The following report is analysis of data from the NLS database
To begin, I downloaded the appropriate variables from the NLS dataset and loaded the required packages. I also edited variable names to allow for an easier understanding of variables.
## PUBID_1997 SEX RACE VOCATION
## Min. : 1 Min. :1.000 Min. :1.000 Min. :-8.0000
## 1st Qu.:2249 1st Qu.:1.000 1st Qu.:1.000 1st Qu.: 0.0000
## Median :4502 Median :1.000 Median :4.000 Median : 0.0000
## Mean :4504 Mean :1.488 Mean :2.788 Mean : 0.1171
## 3rd Qu.:6758 3rd Qu.:2.000 3rd Qu.:4.000 3rd Qu.: 1.0000
## Max. :9022 Max. :2.000 Max. :4.000 Max. : 1.0000
## NA's :2752
## Loading required package: ggvis
## Loading required package: dplyr
##
## Attaching package: 'dplyr'
##
## The following objects are masked from 'package:stats':
##
## filter, lag
##
## The following objects are masked from 'package:base':
##
## intersect, setdiff, setequal, union
##
## Loading required package: magrittr
## Source: local data frame [8,984 x 4]
##
## PUBID_1997 SEX RACE VOCATION
## 1 1 2 4 0
## 2 2 1 2 1
## 3 3 2 2 NA
## 4 4 2 2 1
## 5 5 1 2 0
## 6 6 2 2 0
## 7 7 1 2 NA
## 8 8 2 4 0
## 9 9 1 4 0
## 10 10 1 4 0
## .. ... ... ... ...
## PUBID_1997 SEX RACE VOCATION
## Min. : 1 Min. :1.000 Min. :1.000 Min. :-8.0000
## 1st Qu.:2249 1st Qu.:1.000 1st Qu.:1.000 1st Qu.: 0.0000
## Median :4502 Median :1.000 Median :4.000 Median : 0.0000
## Mean :4504 Mean :1.488 Mean :2.788 Mean : 0.1171
## 3rd Qu.:6758 3rd Qu.:2.000 3rd Qu.:4.000 3rd Qu.: 1.0000
## Max. :9022 Max. :2.000 Max. :4.000 Max. : 1.0000
## NA's :2752
The variables chosen for a chi-square test were Sex, Race, and Vocational concentration.
Summary of the data show variables that need to be recoded to NA and then eliminate the NA from the dataset.
contingency$VOCATION<-ifelse(contingency$VOCATION <0, NA, contingency$VOCATION)
contingency<- na.omit(contingency)
summary(contingency)
## PUBID_1997 SEX RACE VOCATION
## Min. : 1 Min. :1.000 Min. :1.000 Min. :0.0000
## 1st Qu.:2328 1st Qu.:1.000 1st Qu.:2.000 1st Qu.:0.0000
## Median :4554 Median :1.000 Median :4.000 Median :0.0000
## Mean :4481 Mean :1.499 Mean :2.857 Mean :0.3216
## 3rd Qu.:6577 3rd Qu.:2.000 3rd Qu.:4.000 3rd Qu.:1.0000
## Max. :9021 Max. :2.000 Max. :4.000 Max. :1.0000
Hypothesis (null) There is no relationship in sex, gender, and vocational concentration
Hypothesis (alternative) There is a relationship in sex, gender, and vocational concentration
To test the null hypothesis, I created a contingency table and ran a chi-square test.

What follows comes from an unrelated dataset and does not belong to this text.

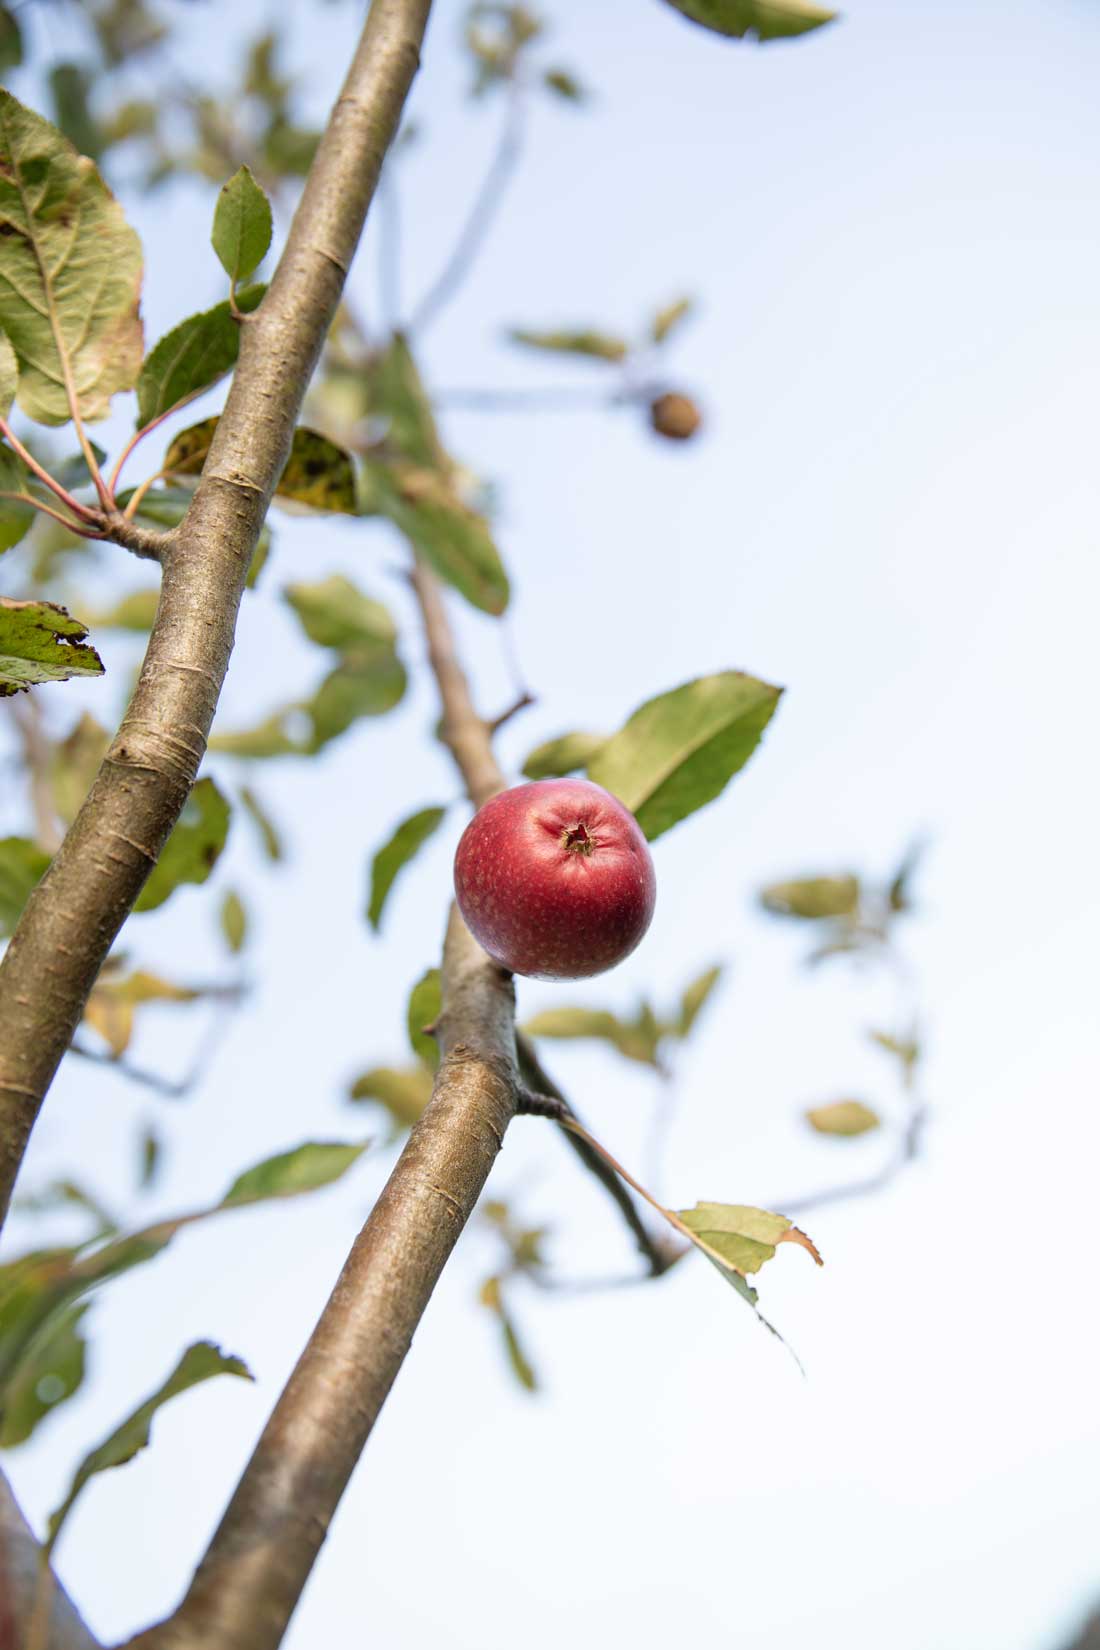 Close up of an apple on a tree. Credit Charlie Fox.

SEX_RACE_VOCATION<- xtabs(~contingency$SEX + contingency$RACE + contingency$VOCATION)
ftable(SEX_RACE_VOCATION)
## contingency$VOCATION 0 1
## contingency$SEX contingency$RACE
## 1 1 485 220
## 2 412 193
## 3 13 10
## 4 996 704
## 2 1 543 253
## 2 458 124
## 3 23 2
## 4 1180 442
summary(SEX_RACE_VOCATION)
## Call: xtabs(formula = ~contingency$SEX + contingency$RACE + contingency$VOCATION)

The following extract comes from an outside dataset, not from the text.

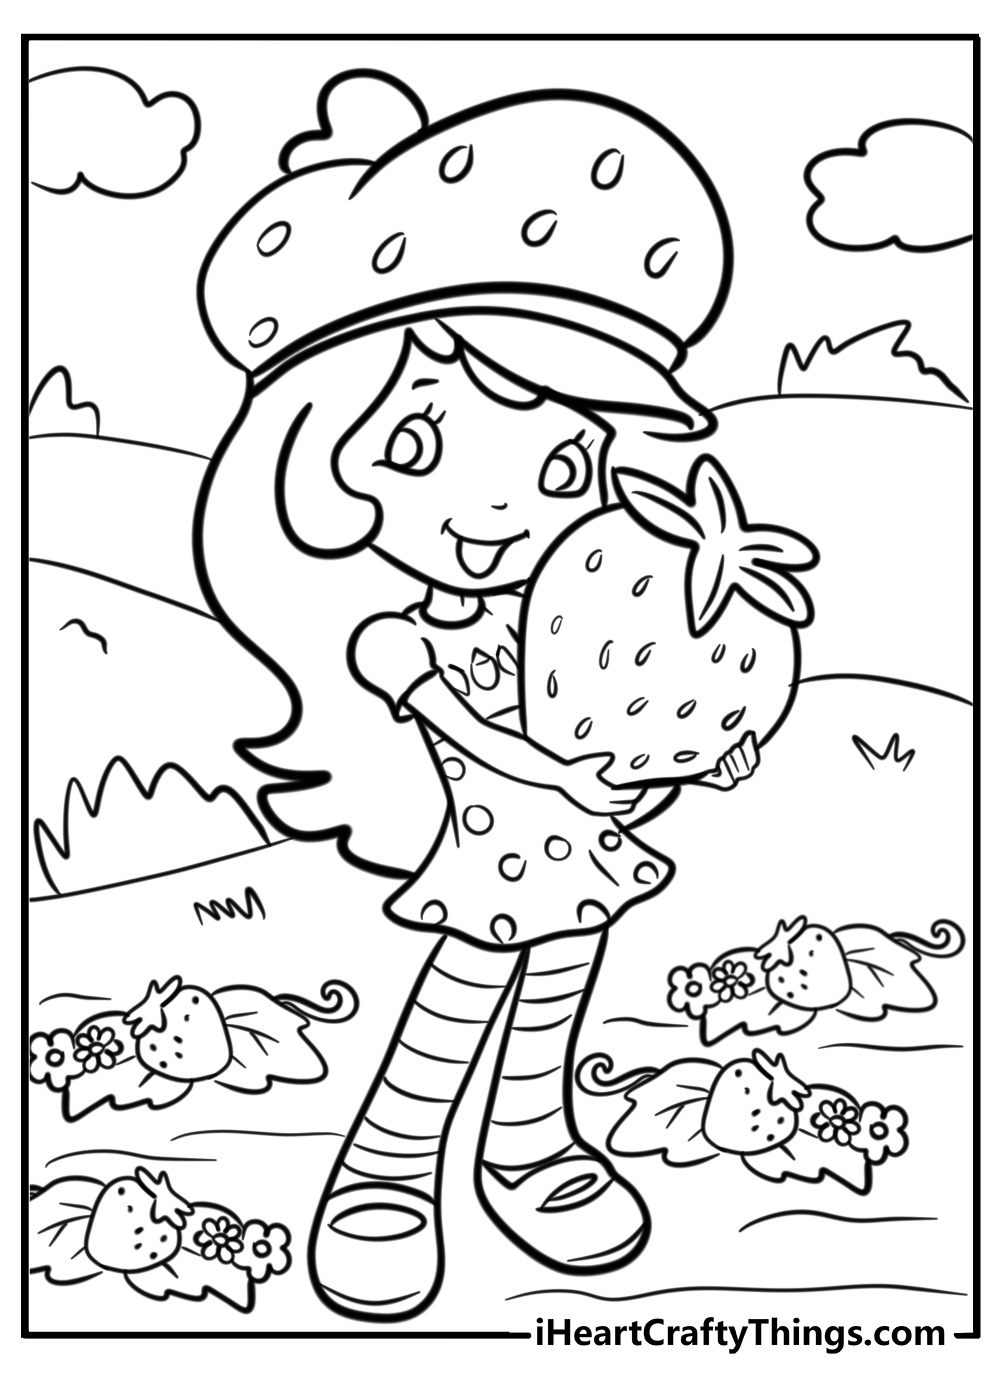 Strawberry shortcake coloring page holding giant strawberry

## Number of cases in table: 6058
## Number of factors: 3
## Test for independence of all factors:
## Chisq = 133.05, df = 10, p-value = 1.113e-23
The chi-square test rejects the null hypothesis at the .05 level
From this test statistic, there is a relationship between sex, race, and vocational concentrator.